1983 open heart surgery broadcast

Looking back: Historic broadcast of open heart surgery turns 35

This month, we’re marking the 35th anniversary of our historic broadcast of an open heart surgery on Feb. 23, 1983. The following is reprinted from the February 1983 issue of “UnderCover,” the original name of our members’ magazine.

Heart Surgery Live: A Phoenix First

One million people will die from heart disease this year, more than half of them from heart attacks. “Keep in Touch with Your Heart” is Channel 8’s month-long effort to inform the public about all aspects of this dreaded condition — prevention, diagnosis, intervention and rehabilitation. The culmination will be the co-production, along with the Arizona Heart Institute, of the first live telecast of open heart surgery. Dr. Edward B. Diethrich will perform the operation.

The operation itself will take place Wednesday, Feb. 23 at 7 p.m. and will be televised live from St. Joseph’s Hospital.

Channel 8’s anchor team for the operation will be Rick D’Alli, “Horizon” science editor, and cardiologist Dr. Sam Kinard. They will guide the audience through the process while Dr. Diethrich narrates from the operating room. Viewers will have the chance to call in questions while the surgery is in progress.

Following the surgery, cameras will follow the patient into the intensive care unit, and about three hours later, Channel 8 will interrupt its regular broadcasting to return live to St. Joseph’s to check on the progress of the patient from his room.

The operating room, complete with special surgical dome, will be equipped with three sterilized cameras, television lights and sound. One camera, suspended above the surgeon’s head, will allow viewers to follow the surgical procedure as the team sees it. Another hand-held camera will enable other surgical team members to explain their duties and to provide glimpses of such apparatus as the heart-lung machine.

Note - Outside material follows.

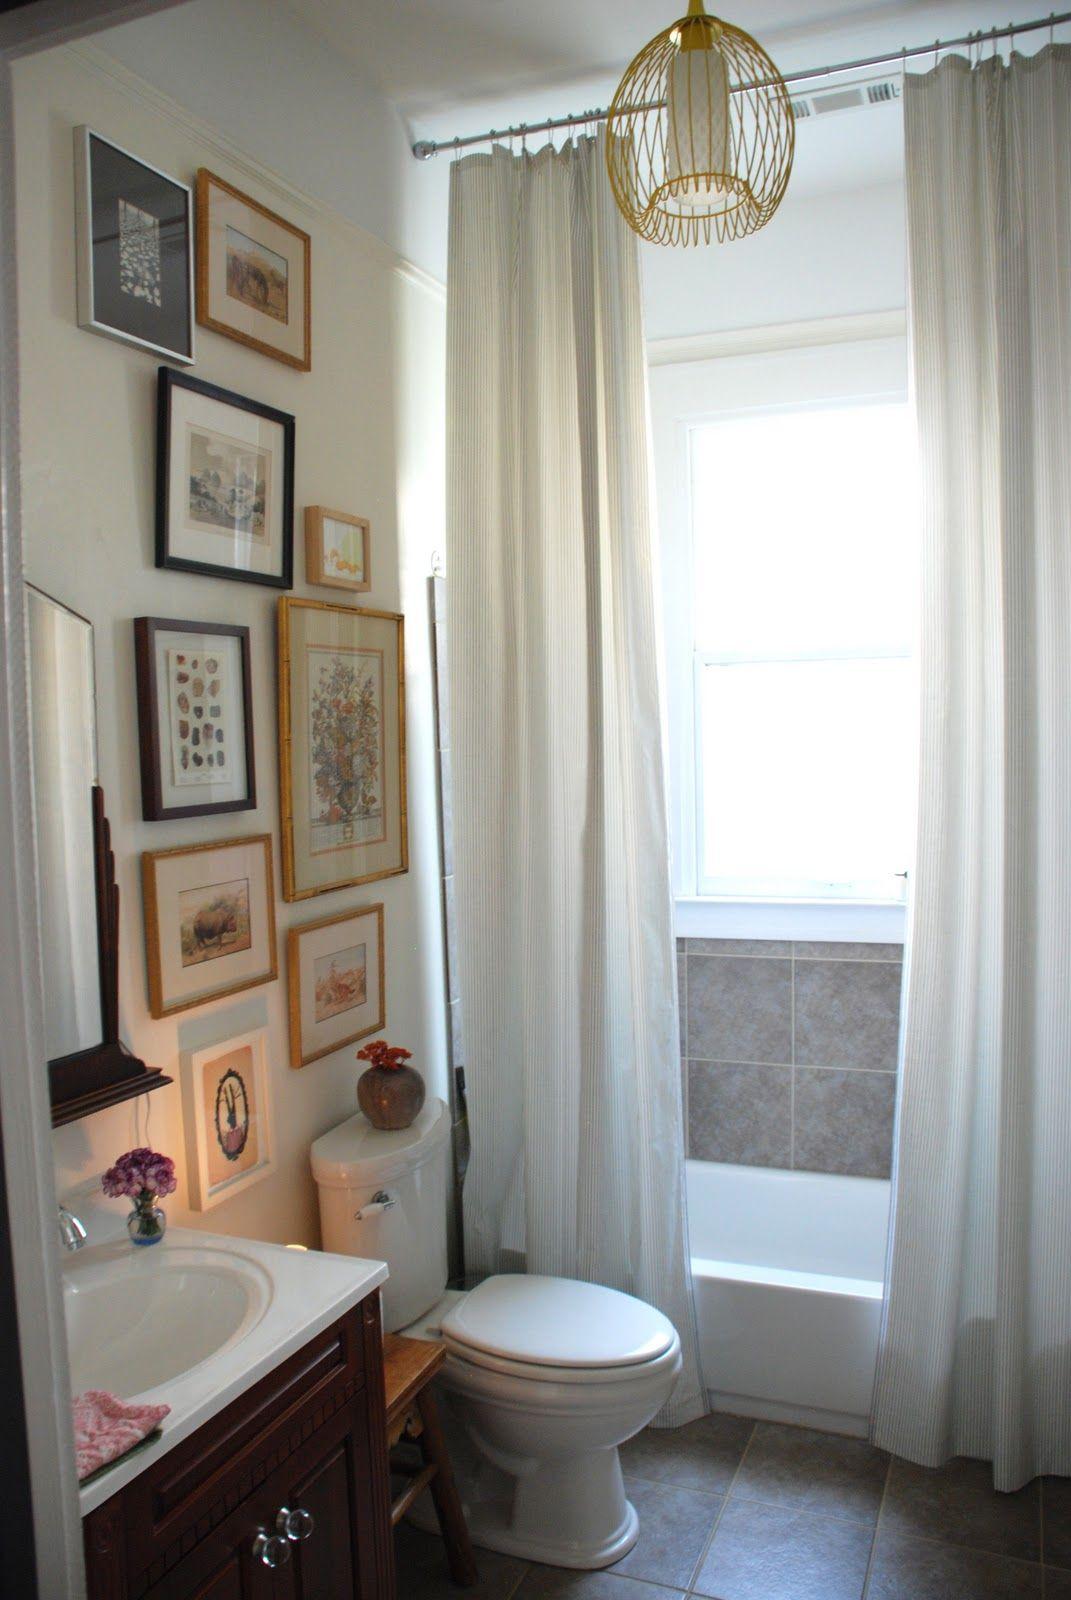 Jcpenney Bathroom Window Curtains Curtain Menzilperde Net

“Procedures of this kind represent a chance for the millions who do not die of heart disease to not only continue living, but also to lead a productive life,” says Charles Allen, the production’s executive producer and Channel 8’s program manager.

Allen will head up a crew including producers Dick Williams and Tom Shannon, director Jeff Halberg, chief engineer Ernie Flotto, and Eric Velgos, shooting and editing.

“As the population ages, and until preventative medicine becomes an achieved goal, more and more people will face this operation over the next decade,” says Allen. “To televise it is to reduce the fear and worry of those who may have this ahead of them.”

Allen says he hopes the familiarity produced by the telecast will create an awareness of the kind of outstanding medical resources available in the Phoenix area. The Arizona Heart Institute was established in 1971 as a medical center for the diagnosis and treatment of heart disease. At the same time, the formation of the International Heart Foundation provided a means of sponsoring research and education in the field of cardiovascular medicine. The two organizations have worked closely together to attack their common enemy. The institute was the first freestanding outpatient diagnostic and treatment center for heart disease in the country. It also was responsible for developing the famous Cardiovascular Risk Factor Analysis.

“The entire ‘Keep in Touch with Your Heart’ project is meant to cause people to think,” Allen says. “It’s our lifestyle that’s killing us, and if this project can help us become aware of that and of its consequences, then the series will have served its purpose.”